Milwaukee guitarist Jack Grassel may be the best-kept secret in the jazz guitar community (although aspiring players may know him from an instructional column he contributed to Guitar Player magazine for many years). An astounding technician with remarkable fluency and speed on single note lines and an incredibly advanced harmonic vocabulary that is on par with the likes chordal geniuses like Ted Greene and Lenny Breau, Grassel has continued to fly under the radar while quietly putting out the occasional guitaristic gem from his home base in Brewtown.
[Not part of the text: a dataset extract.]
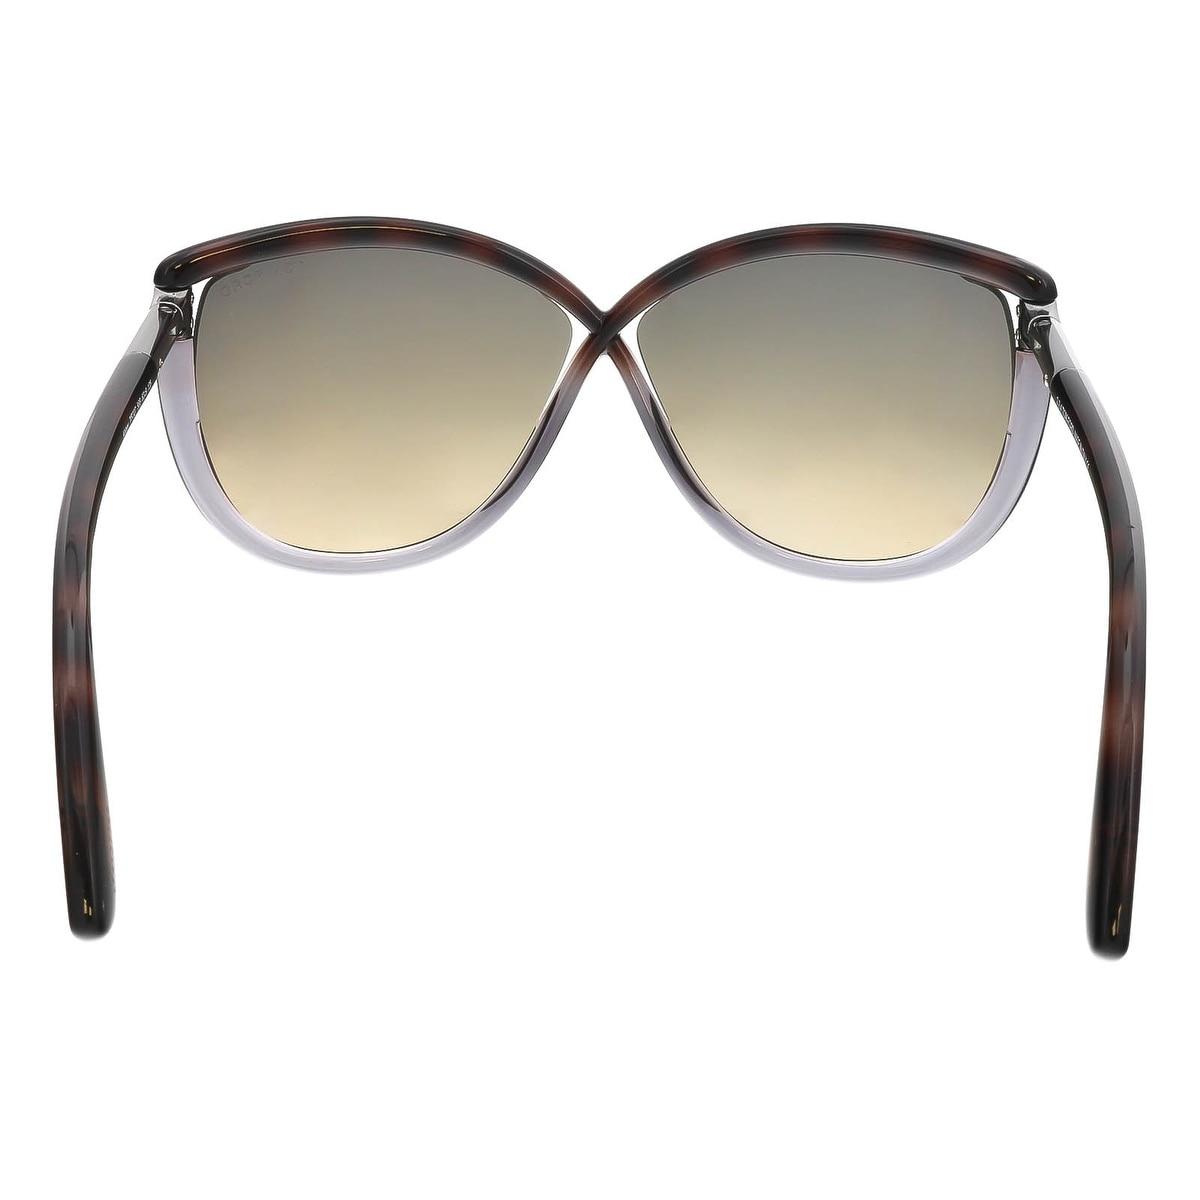 e1b9774e6967d Shop Tom Ford FT0327 S 56B Abbey Havana Purple Oval Sunglasses - 63-9-135 -  Free Shipping Today - Overstock - 19788147

It’s About the Music is essentially a showcase for vocalist Jill Jensen that features Grassel, who studied with the likes of George Van Eps, Tal Farlow and Billy Bauer, in a mixed bag of small group settings with a core group and such special guests as Paul Wertico on drums, Howard Levy on harmonica, principal string players from the Milwaukee Symphony Orchestra and a male choir from Georgia (formerly of the U.S.S.R., not the Deep South).

While Grassel doesn’t exactly indulge in the kind of awesome fretboard grandstanding that has marked some of his previous solo and duet outings, melding his six-string prowess into the fabric of these vocal offerings with appropriate restraint, he does shine on his originals “After Orwell” (with the Male Choir of Zion Patriarchal Cathedral) and the up-tempo swinger “Gee Flat Blues.”

Elsewhere, vocalist Jensen swings convincingly on a big band arrangement of the Bobby Darin classic “Beyond the Sea,” purrs seductively on Al Green’s “Let’s Stay Together,” which is underscored by an earthy and inspired harmonica solo by the multi-instrumental Levy, and strikes a poignant note on a lush “Come In From the Rain.” She also delivers the bossa-nova-flavored “Song For Your Mother,” a humorous autobiographical ditty about Grassel’s early musical development, with tongue planted firmly in cheek. Grassell offers a clever twist here by combining Jobim’s “Girl From Ipanema” with Michael Franks’ “Lady Wants to Know.” And an added treat is a vocal rendition of Horace Silver’s melancholy “Lonely Woman” (with lyrics by Leonard Feather) that features Jensen accompanied only by string quintet. For sheer, unadulterated six-string burn, check out Grassel’s unaccompanied 2001 outing Guitar Smoke (available at jackgrassel.com). Meanwhile, It’s About the Music offers a taste of what this guitarist extraordinaire can do.